Abdul Gani minor since declared a major vide order dated 5th January, 1960 in C. M. P. No. 10 of 1960 v. Messrs. V. M. Periyaswami Chetty and Co
1960-01-18
JAGADISAN, P.V.RAJAMANNAR
body1960
DigiLaw.ai
Jagadisan, J.- The suit, C.S. No. 82 of 1953, out of which the above appeal arises was filed on the Original Side of this Court by a firm of partnership, Messrs. V.M. Periyaswami Chetty &38; Co., to recover a sum of Rs. 21,701-2-6 with further interest and costs under the following circumstances. The plaintiff-firm is carrying on business in metals, brass and copper sheets, etc., at 399, Mint Street, Sowcarpet, Madras. They sold and delivered goods (metal, brass and copper sheets, etc.) to another firm called M. K. M. Khader Masthan Sahib and Brother, which was a partnership consisting of two partners, who were brothers, M. Khader Masthan Sahib and Mohideen Mashtan Sahib. This firm was carrying on business at Ayyasami Pillai Street, Pudupet, Madras. The course of business in respect of the dealings between the plaintiff-firm and the firm of M. K.M. Khader Masthan Sahib and Brothers appears to be to settle accounts periodically at the end of Panguni in each Tamil year, and obtain the signature of one or other of the partners of the M.K.M. firm. On 14th July, 1950, there was a settlement of accounts as on 13th April, 1950, in and by which one of the partners of M. K. M. firm, namely, Khader Masthan Sahib acknowledged that a sum of Rs. 32,255-5-6 was due by the M. K. M. firm to the plaintiff-firm. Even thereafter the plaintiff-firm dealt with the M. K. M. firm and obtained part payments towards the amounts due to them. The final result of these transactions as on 6th September, 1950, was a total liability of Rs. 21,701-2-6 due by the M. K. M. firm to the plaintiff-firm. It is this amount together with interest claimed at 12 per cent. aggregating to Rs. 7,420 which formed the subject-matter of the suit. The partner, Mohideen Masthan of the M. K. M. firm, died on 5th October, 1949. The other partner Khader Masthan also died in November, 1952. The suit was instituted on 20th February, 1953, impleading the legal representatives of both the deceased partners. The first defendant in the suit is the mother of the partners ; the second defendant is the widow of Khader Masthan and defendants 3 to 9 are the children of Khader Masthan. The tenth defendant is the widow of Mohideen Masthan and defendants 11 to 15 are the children of Mohideen Masthan.
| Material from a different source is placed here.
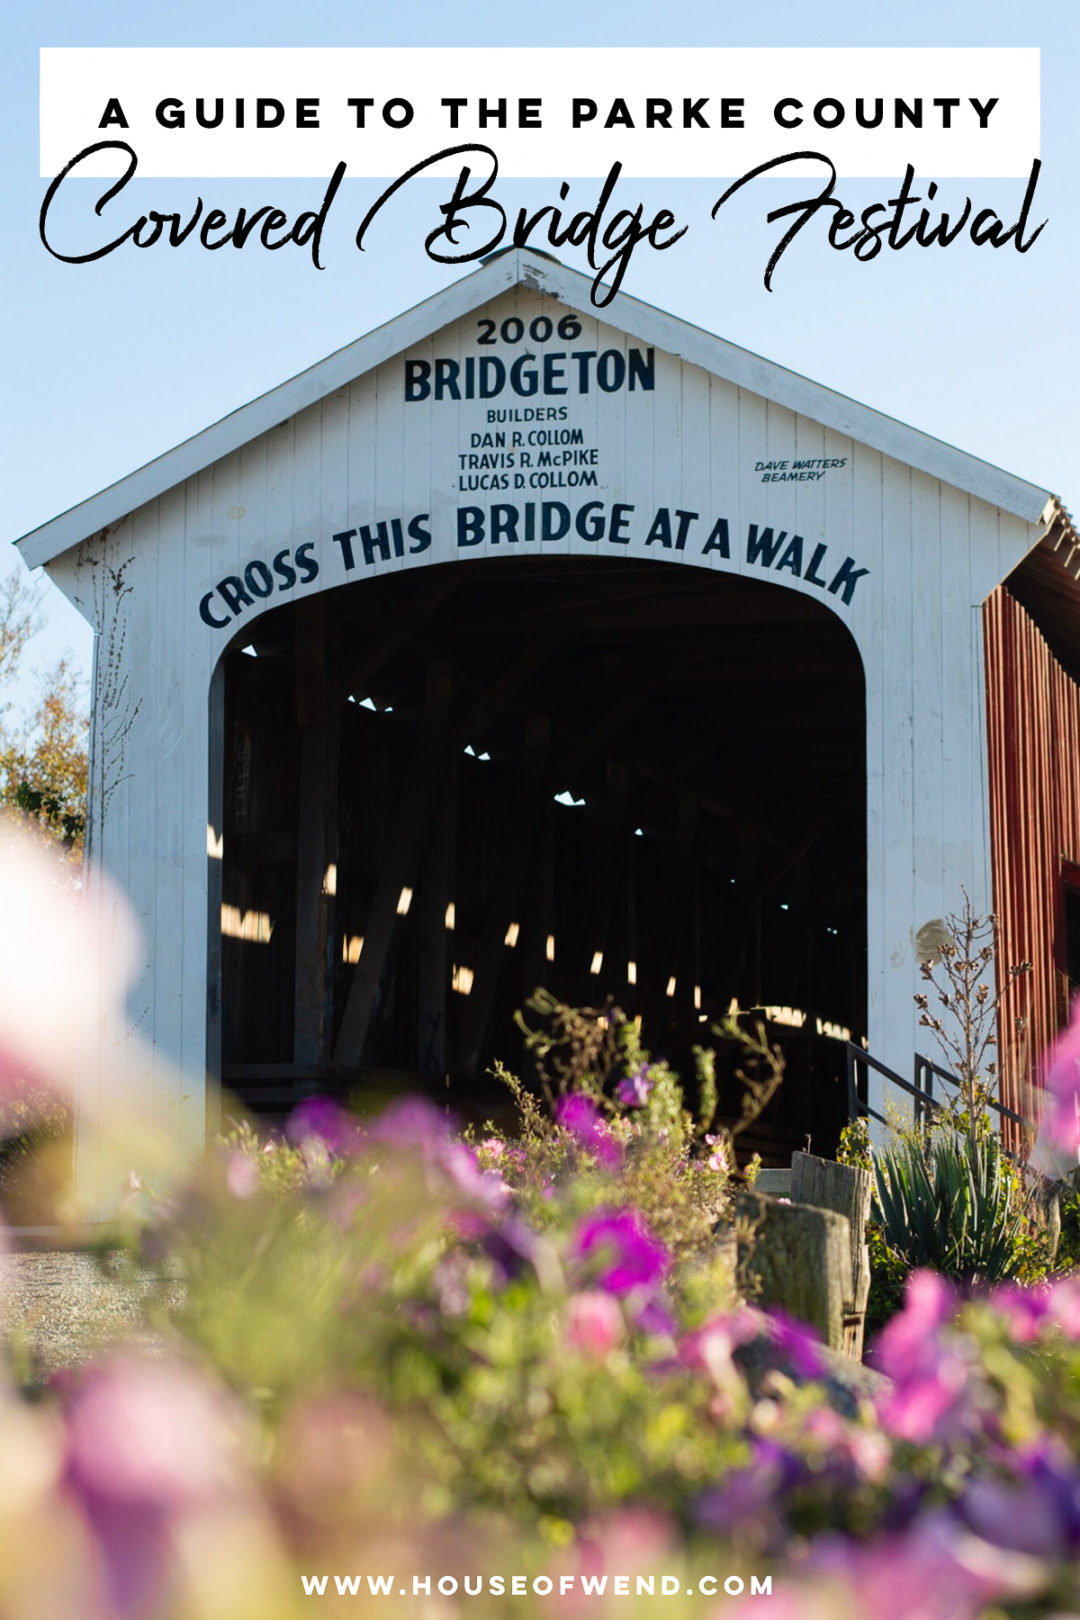 Guide to the Parke County Covered Bridge Festival • HOUSE OF WEND

The first defendant in the suit is the mother of the partners ; the second defendant is the widow of Khader Masthan and defendants 3 to 9 are the children of Khader Masthan. The tenth defendant is the widow of Mohideen Masthan and defendants 11 to 15 are the children of Mohideen Masthan. A decree was passed by the learned Master on 15th December, 1953, against the second defendant, the widow of Khader Masthan and defendants 3 to 9 the children of Khader Masthan and also against the first defendant as the legal representative of Khader Masthan. This decree has become final. Before the learned Judge who tried the suit on the Original Side the suit was resisted only by defendants 11 to 14, the minor children of Mohideen Masthan, who were represented by Sri H. Rama Rao, appointed as the Court-guardian. The contention raised on their behalf was that there was no proof that Khader Masthan and Mohideen Masthan were partners, and that the liability for which Khader Masthan had signed in the books of the plaintiff firm was not binding upon the legal representatives of Mohideen Masthan, and that in any event the claim as against them (defendants 11 to 14) was barred by limitation. The learned Judge held that Exhibit P. 11, which is a deed of dissolution, dated 16th July, 1950, was a clear proof of a partnership having subsisted between the brothers, and it was clearly shown that Mohideen Masthan and Khader Masthan were partners in the business of M. K. M. Khader Masthan Sahib and Brothers. He therefore held that the suit liability was a liability of the M. K.M. firm. The question of limitation was overruled by the learned Judge relying upon Exhibit P. 6, dated 18th March, 1951, which was a reply to a lawyer’s notice issued on behalf of the plaintiff-firm in which the suit claim was acknowledged by the tenth defendant acting for herself and as guardian of her minor children, defendants 11 to 14, and also by 15th defendant who was the legal guardian of her minor children and that an acknowledgment by a lawful guardian was sufficient to extend the period of limitation in favour of the creditor, the learned Judge negatived the plea of limitation. In the result the suit was decreed as prayed for with costs.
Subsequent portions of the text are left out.